Benchmark gaming includes: cherry-picking runs, tuning to the test set, prompt engineering against a specific leaderboard. Our defenses:

  • Runs are published in order of attestation, not score. No post-hoc selection.
  • Each run commits to the full transcript, not just the score. Cherry-picking shows up as truncated transcripts.
  • Disputes can cite specific problems. If a run’s score comes disproportionately from contaminated items, the dispute stands.
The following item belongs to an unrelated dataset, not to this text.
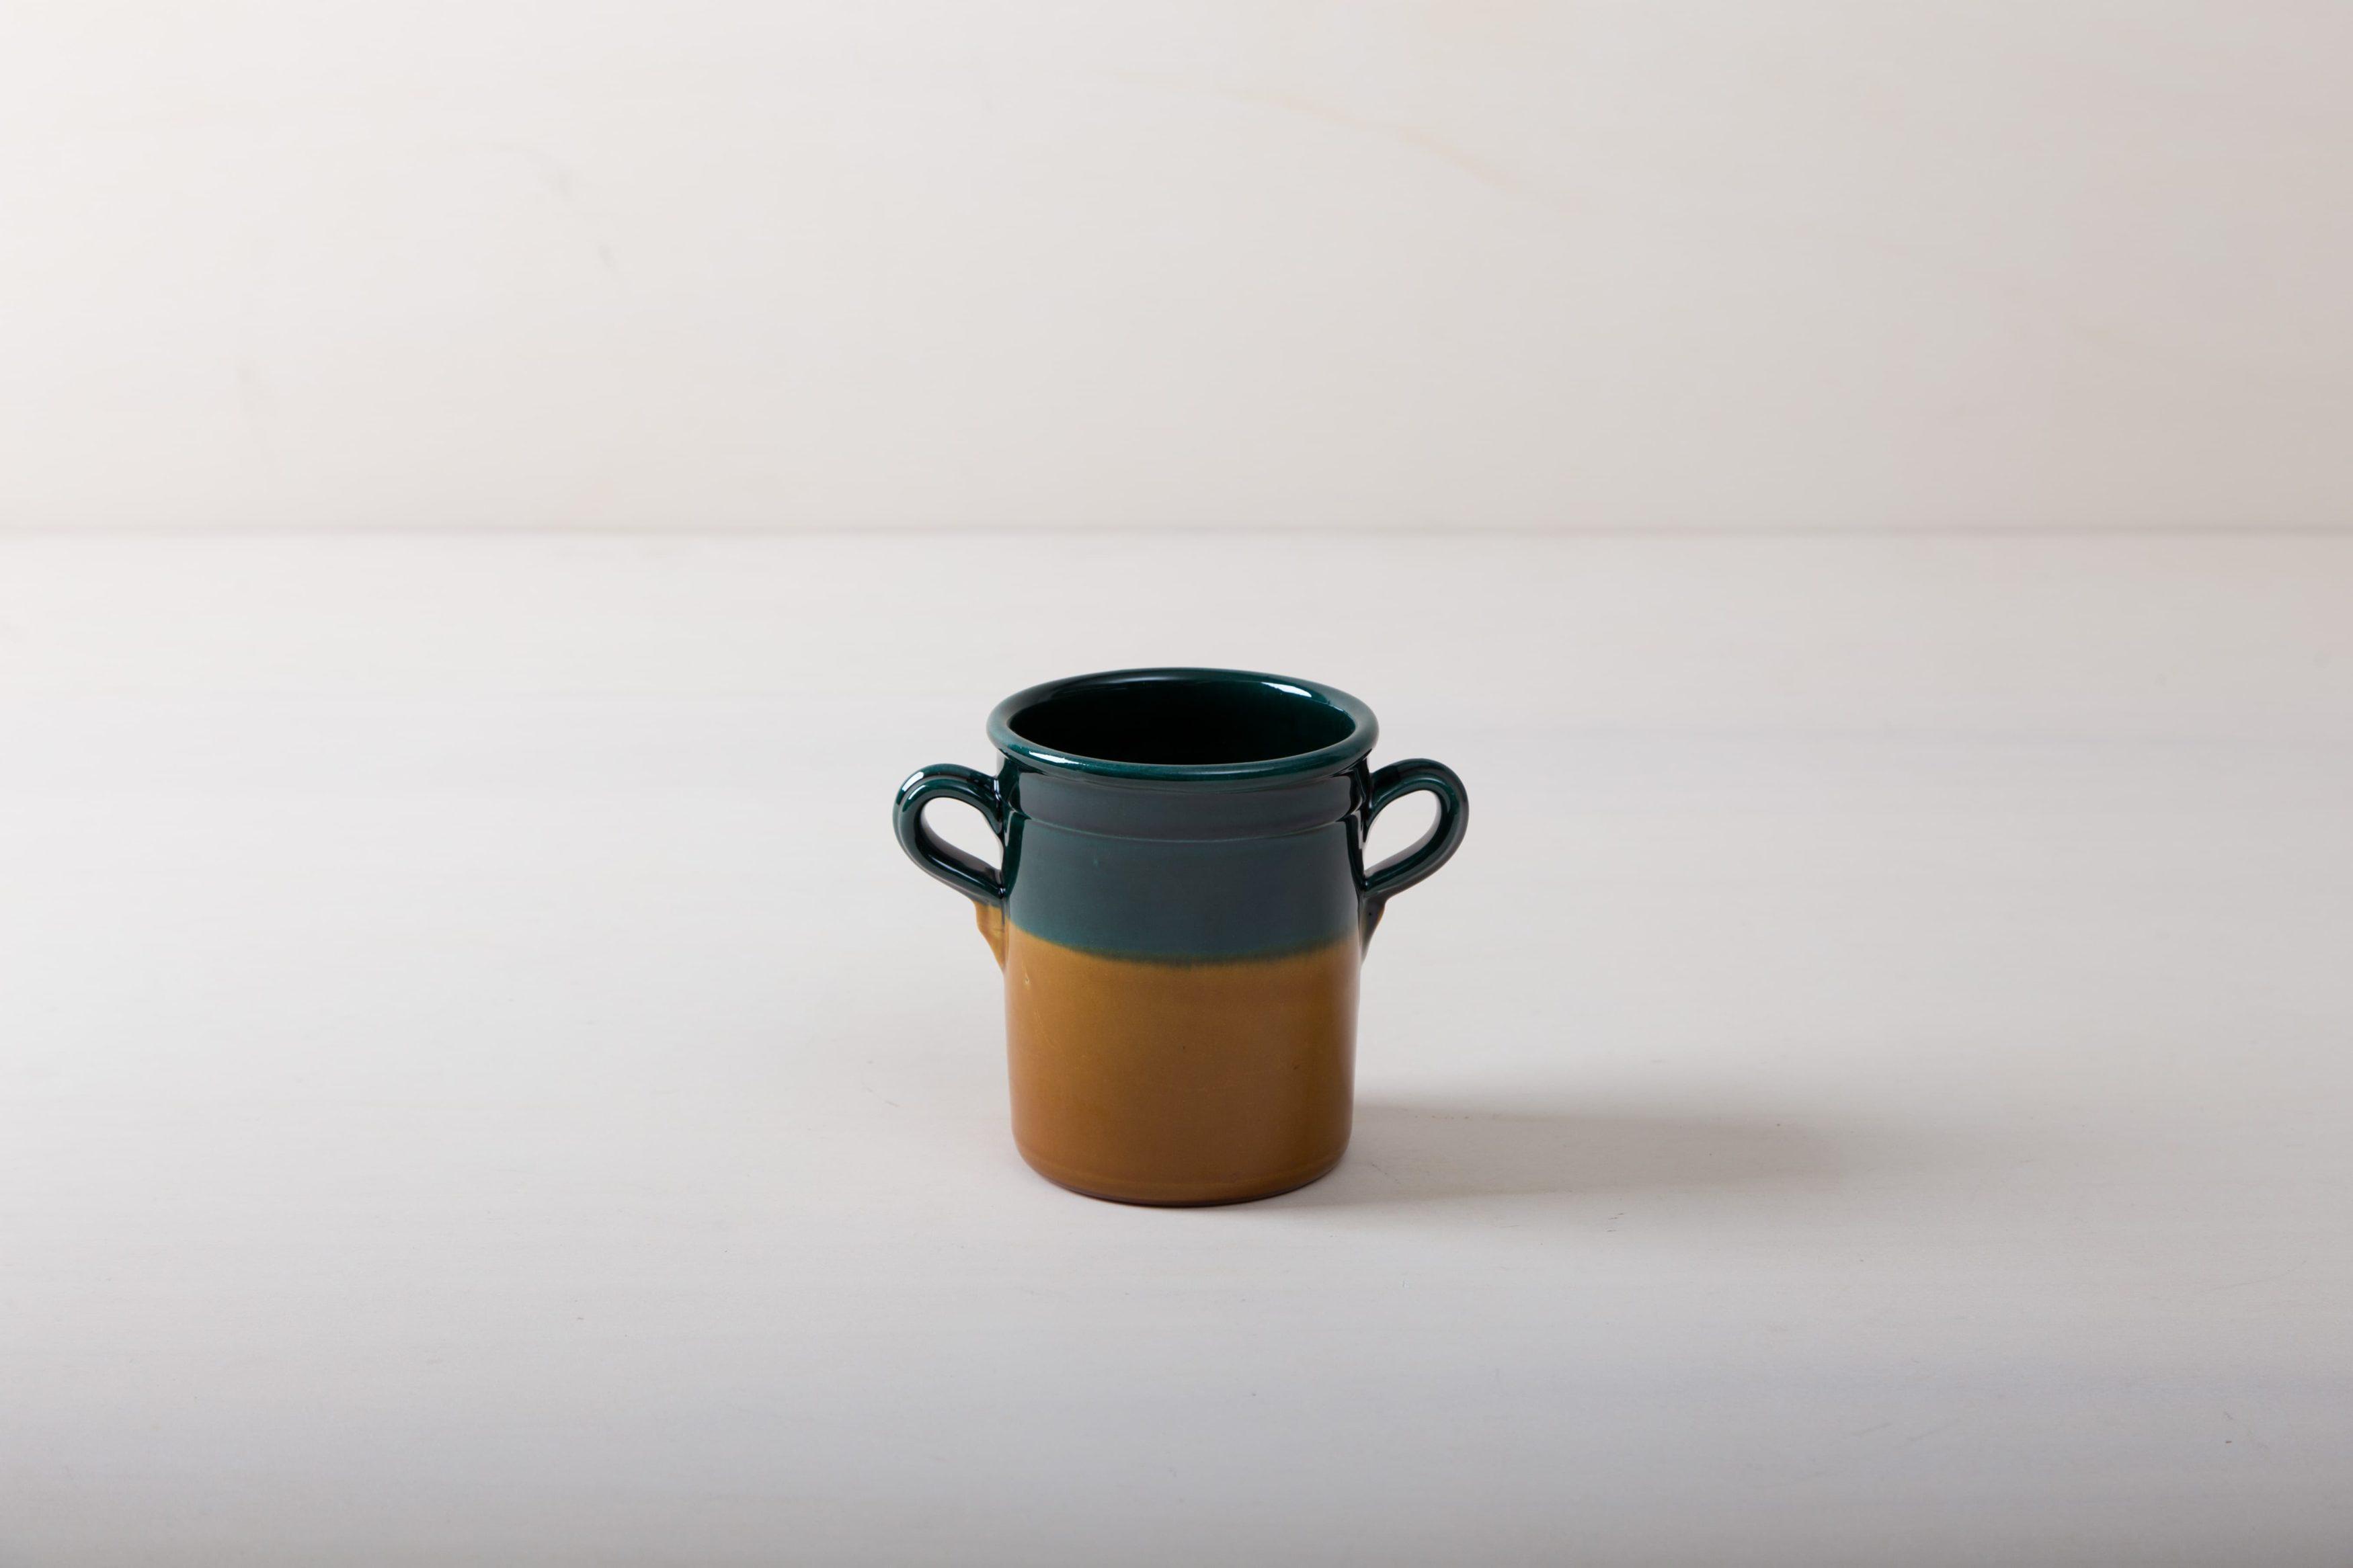 Diese moderne Vase hat eine wunderschöne grün, braune Färbung. Colome ist eine elegante Ergänzung jeder Tischdekoration. Ob mit einem netten Strauß, als Bestecktaufbewarung, elgeant oder rustikal. Vase Colome lässt sich wunderbar kombinieren und vielseitig einsetzen.
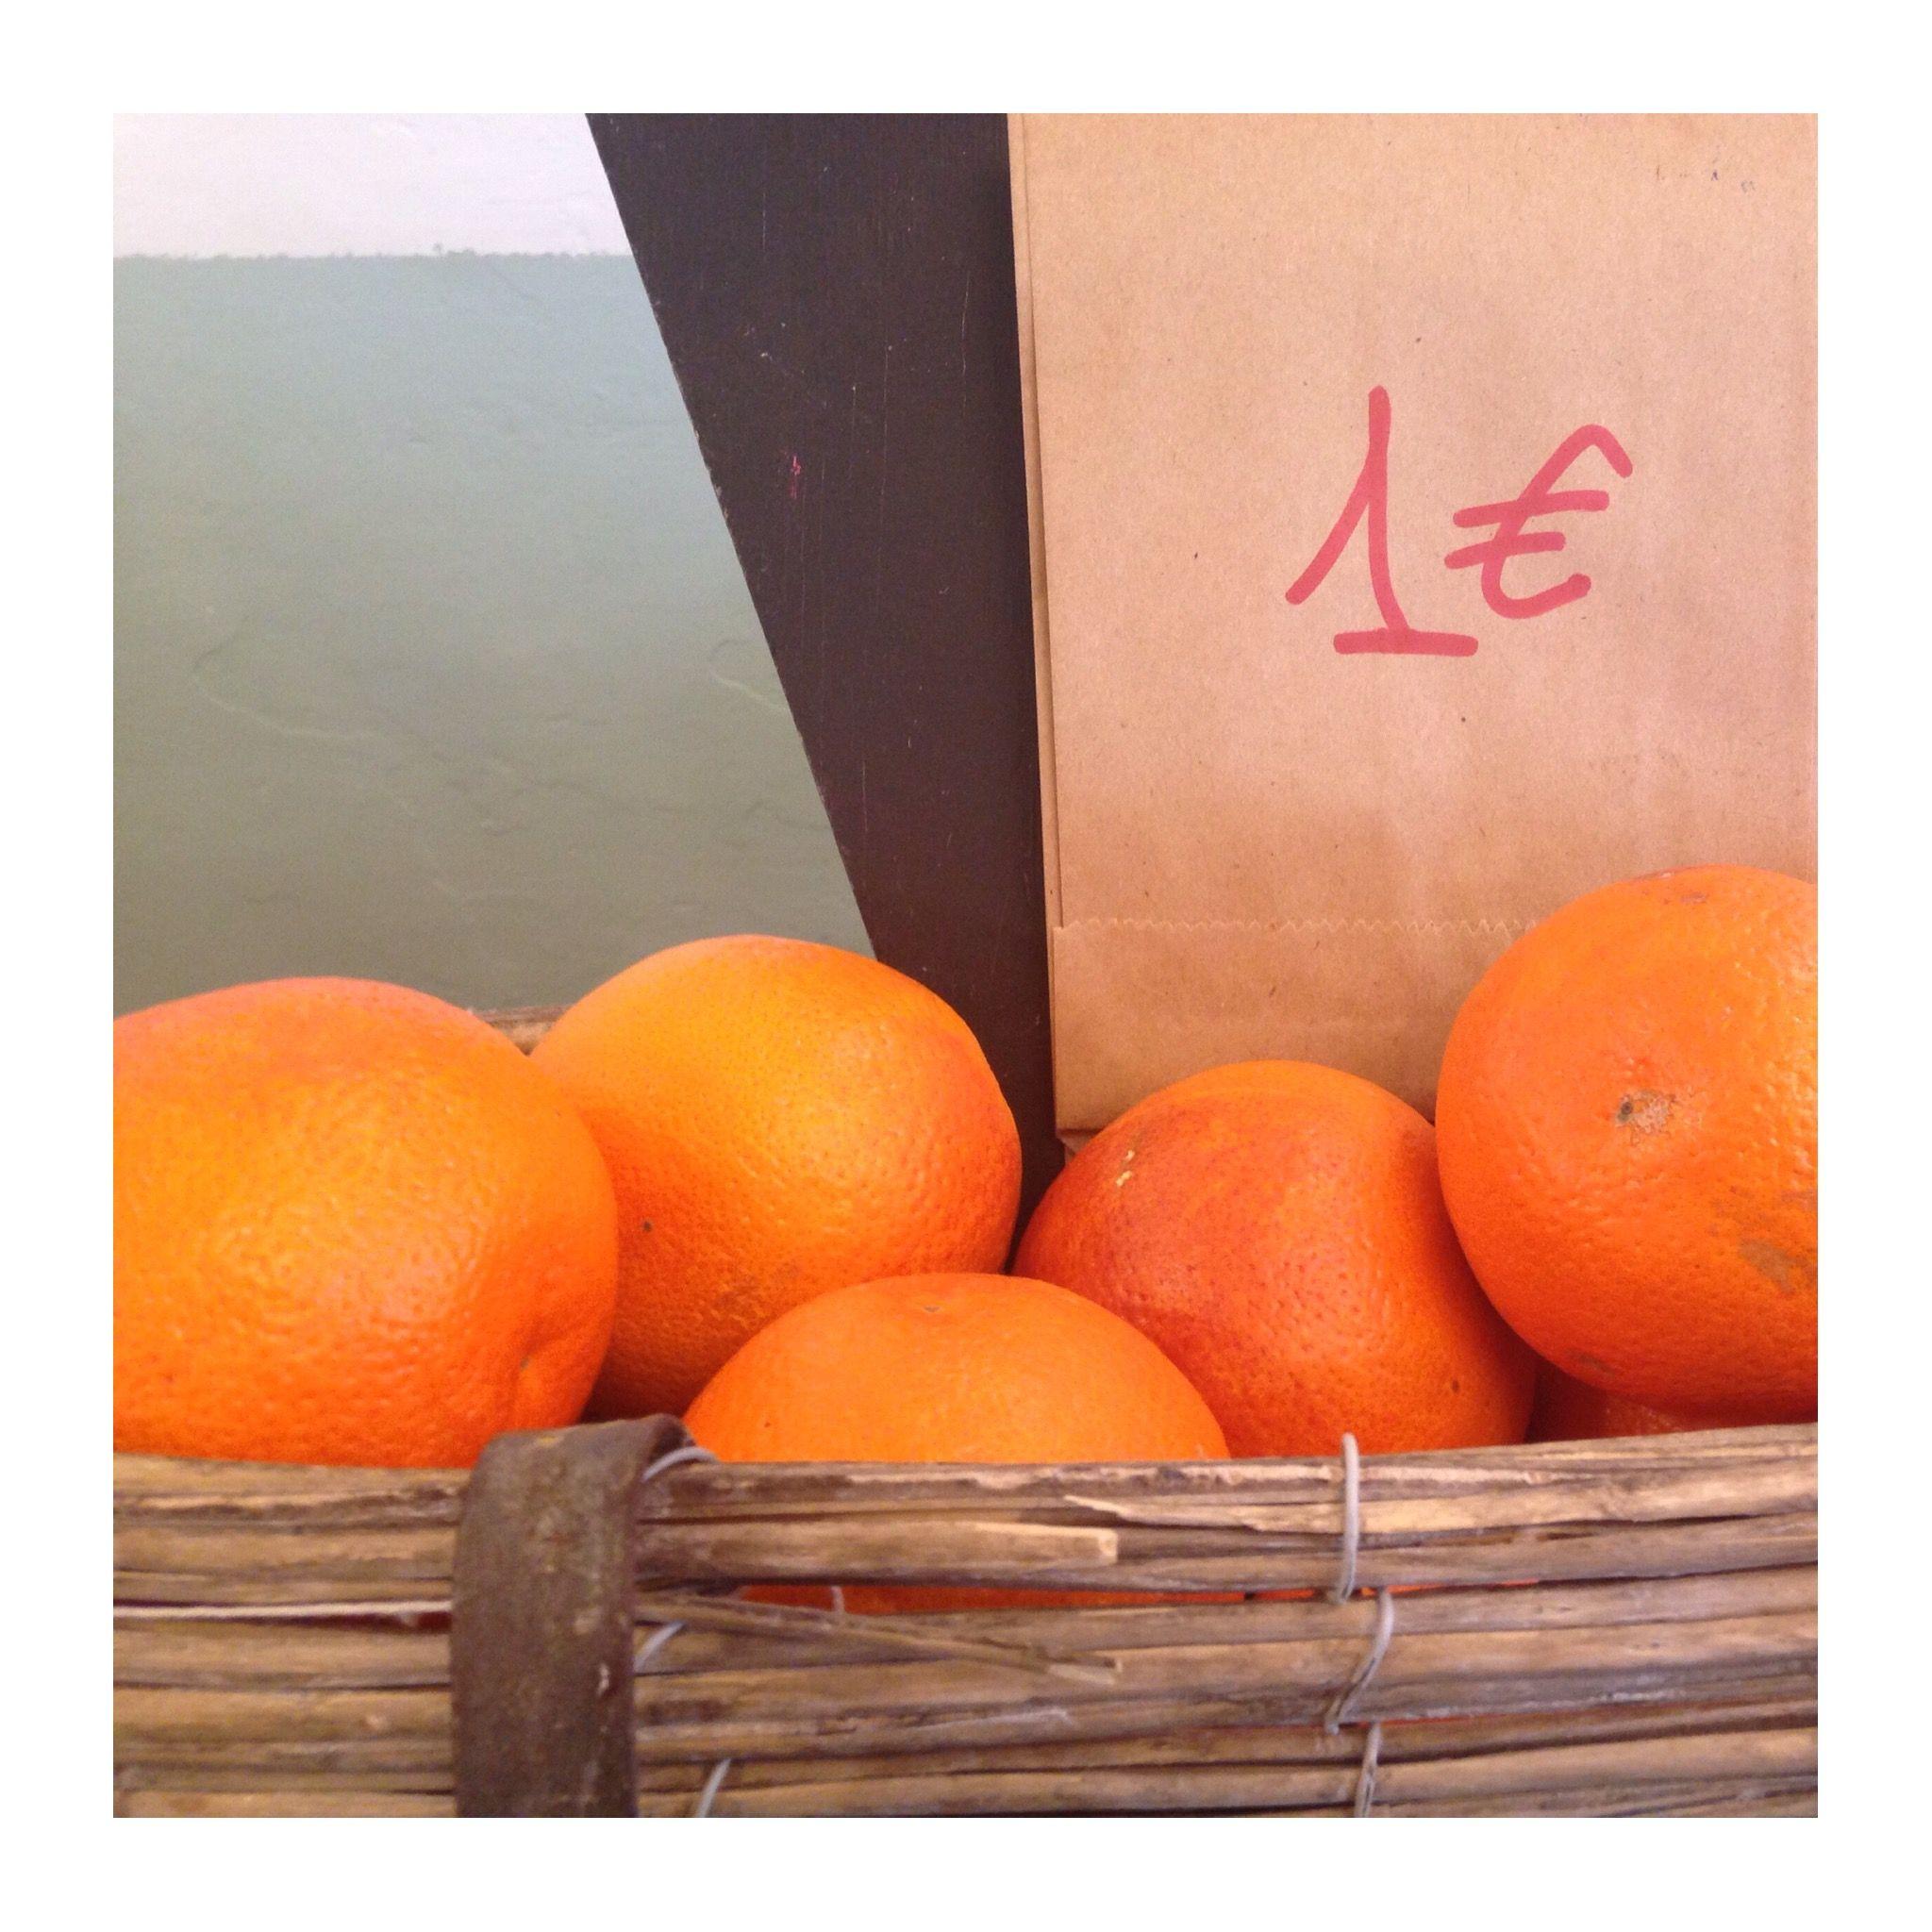 Da noi puoi passare anche solo per un #frutto! 1£ :)

13Attestor sybil resistance.

Attestors post 1-5 ETH stake in StakeVault. At ETH ≈ $3,600 that’s a $3,600-$18,000 sybil barrier per attestor identity. Quorum mode requires 3-of-5 independent attestors, raising the bar to collusion across multiple staked identities. For compliance-grade work (regulatory, insurance), Benchlist Enterprise operates a vetted pool of KYC’d attestors with additional legal recourse.

14Replay command.

Every run exposes a single command that reproduces it:

benchlist run longmemeval \
  --service rem-labs \
  --model claude-opus-4-7 \
  --runs 3 \
  --dataset-hash sha256:a1b3… \
  --methodology-hash sha256:c3d5…

If your score diverges from the attested one by > 2σ, file a dispute. Your 0.1 ETH bond is refunded when the dispute is upheld.

15Dispute & slash.

Dispute resolution is on-chain via DisputeManager. The resolution function runs a re-scoring inside SP1 using the disputant’s fresh transcripts. If the re-score diverges, the original attestor’s stake is slashed proportionally to the deviation. The bond system is identical to Optimism’s fault-proof model — adversarial replay as the ultimate cheap gatekeeper.

Per-benchmark specifics

Every benchmark page carries its exact datasetHash, methodologyHash, runner repo, canonical decoding, judge config, and contamination flag. Every run page also shows the client-side recomputation of the commitment — in your browser, using SubtleCrypto, so you don’t have to trust us to display the numbers.